Data excerpt:

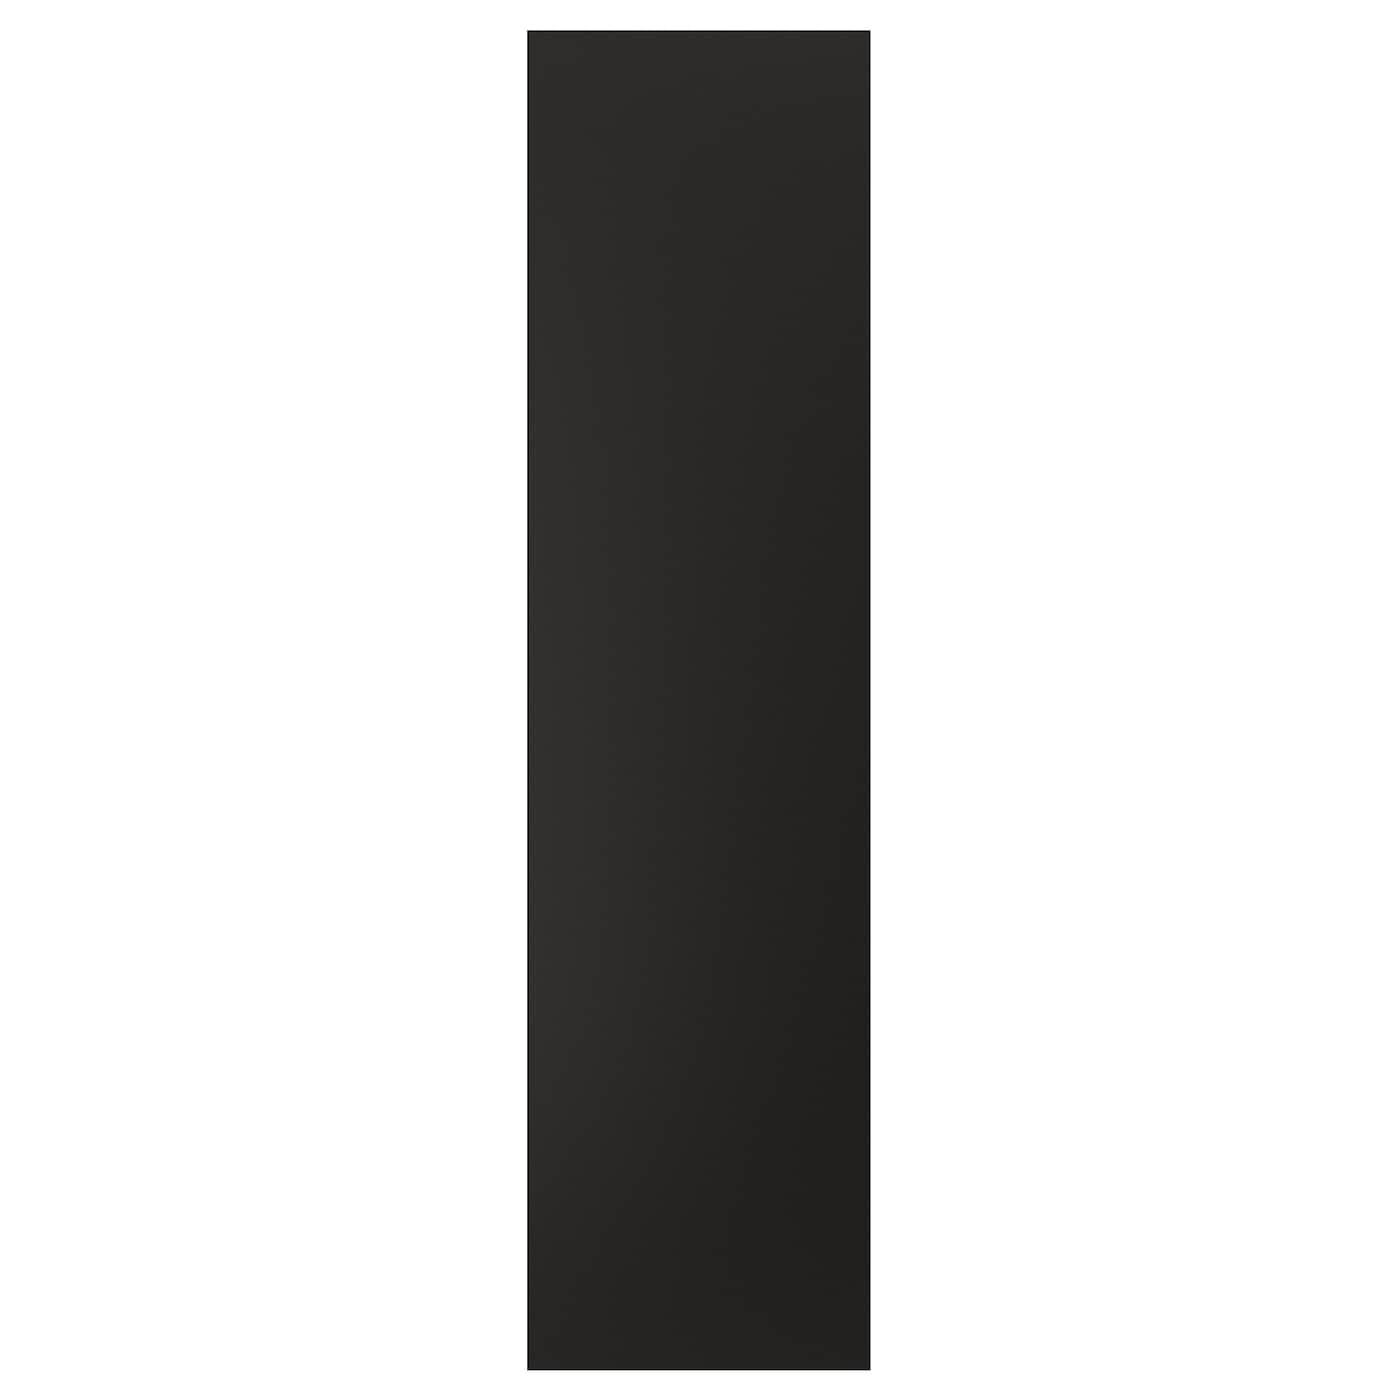 Full Size of Kreidetafel Ikea Uddevalla Deckseite Mit Kreidetafeloberflche Anthrazit Küche Kaufen Betten 160x200 Miniküche Sofa Schlaffunktion Modulküche Bei Kosten Wohnzimmer Kreidetafel Ikea
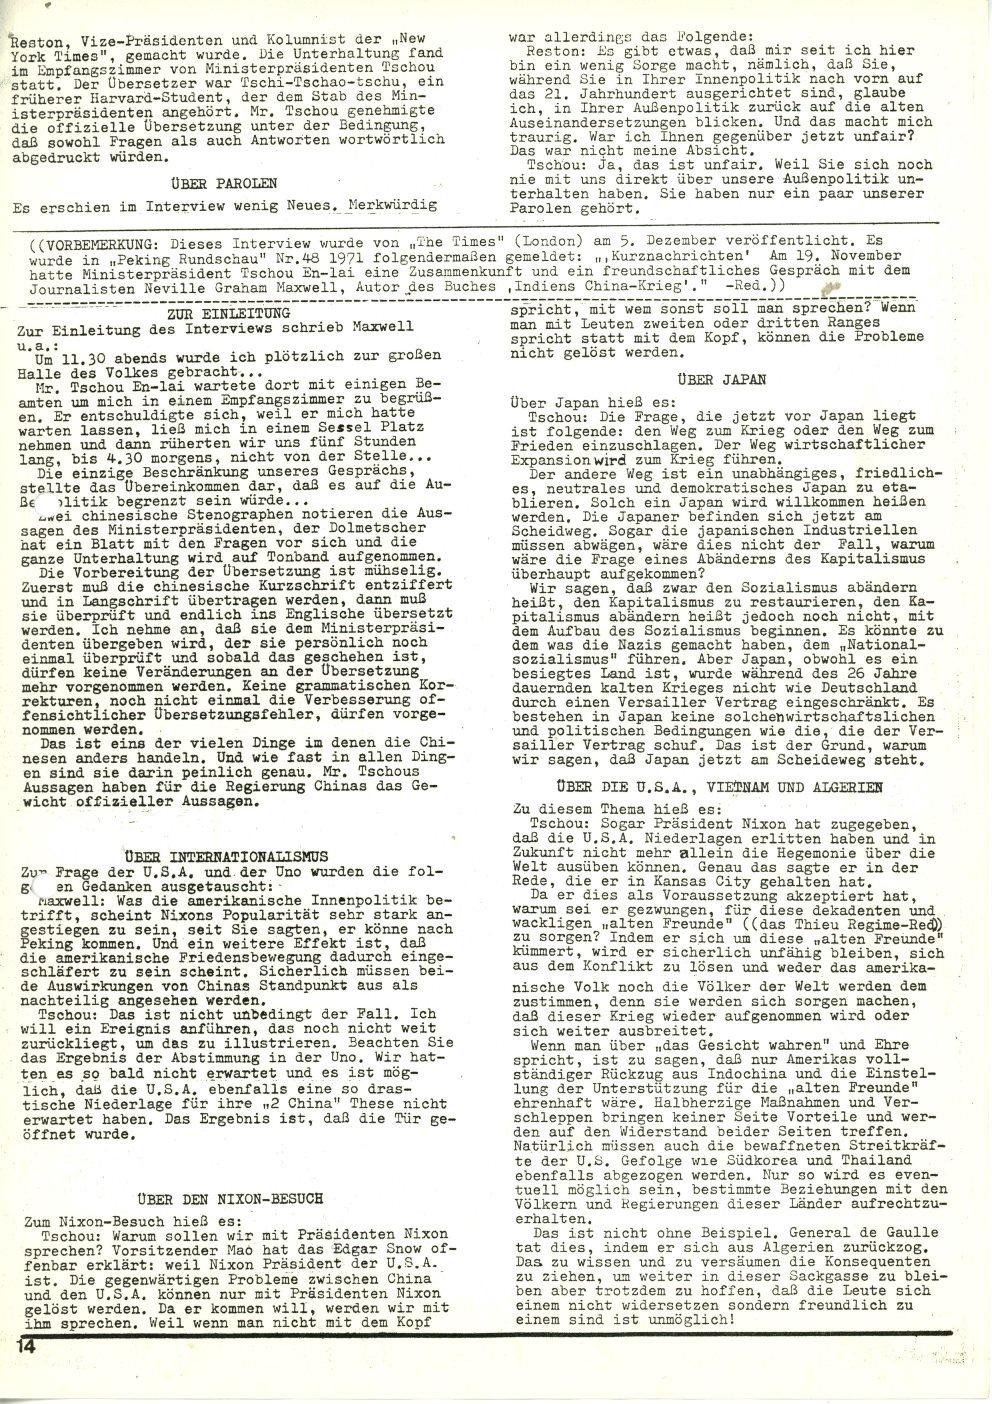 Muenchen_1972_Offener_Brief_an_die_KPDML_14
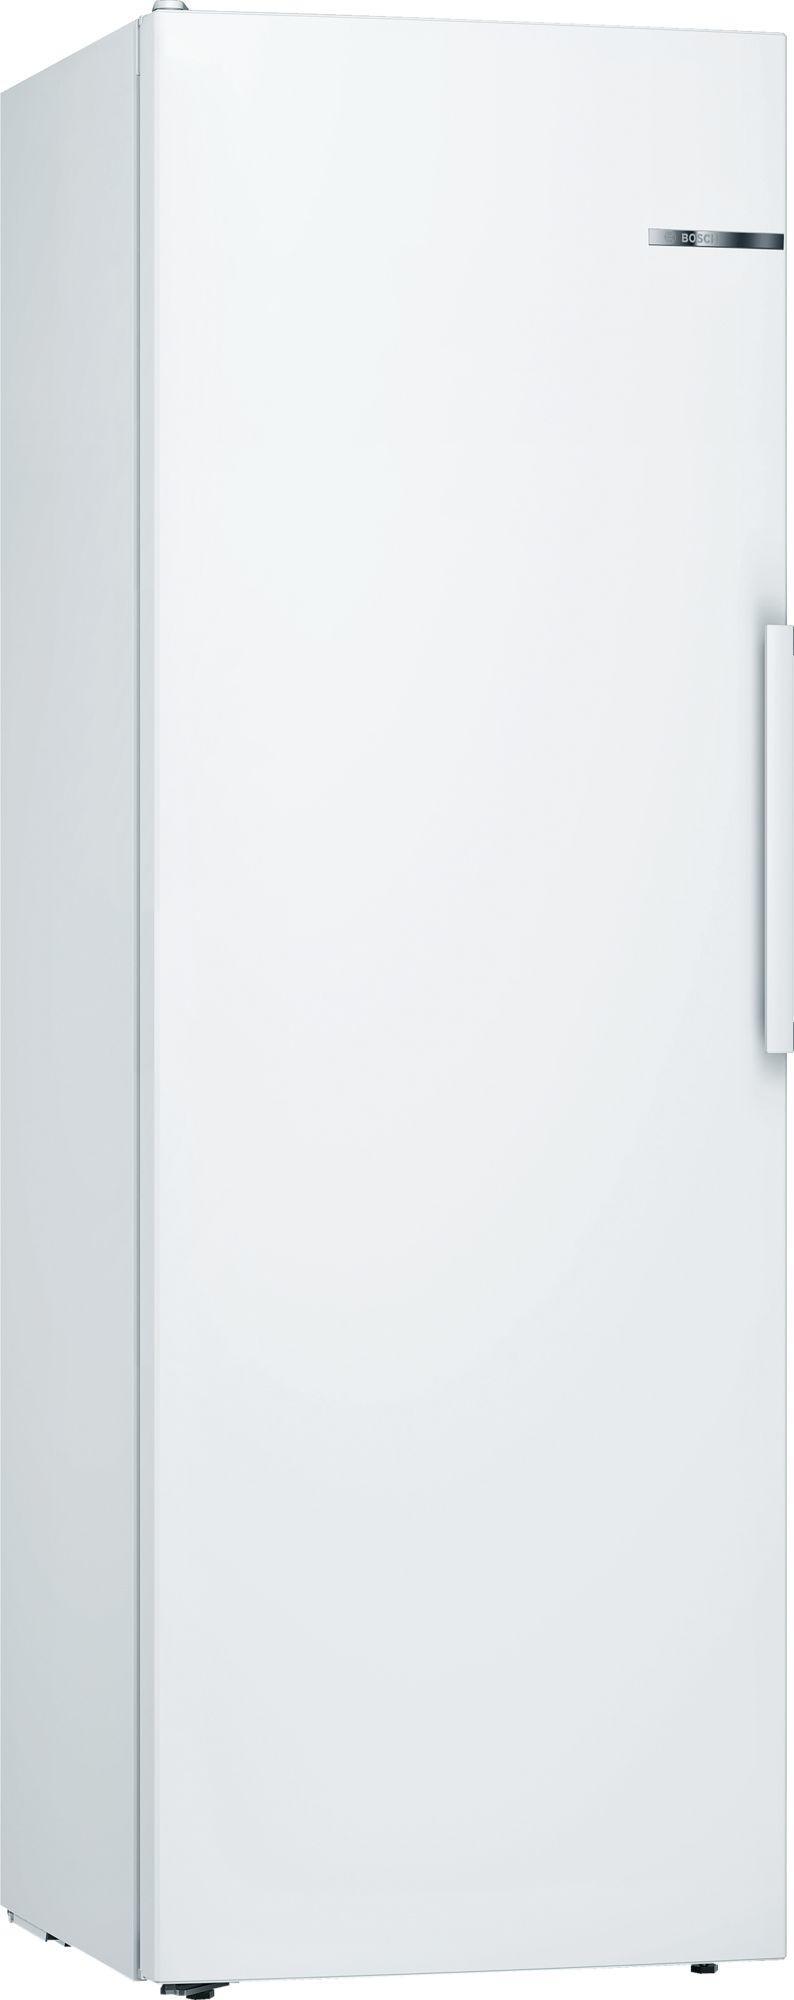 Image of Serie 4 KSV33VWEPG 60cm 324 Litre Single Door Larder Fridge | White

Exercise:
Leaving the pictures aside, repeat the data above exactly.

Result for this exercise:
 Full Size of Kreidetafel Ikea Uddevalla Deckseite Mit Kreidetafeloberflche Anthrazit Küche Kaufen Betten 160x200 Miniküche Sofa Schlaffunktion Modulküche Bei Kosten Wohnzimmer Kreidetafel Ikea
 Muenchen_1972_Offener_Brief_an_die_KPDML_14
 Image of Serie 4 KSV33VWEPG 60cm 324 Litre Single Door Larder Fridge | White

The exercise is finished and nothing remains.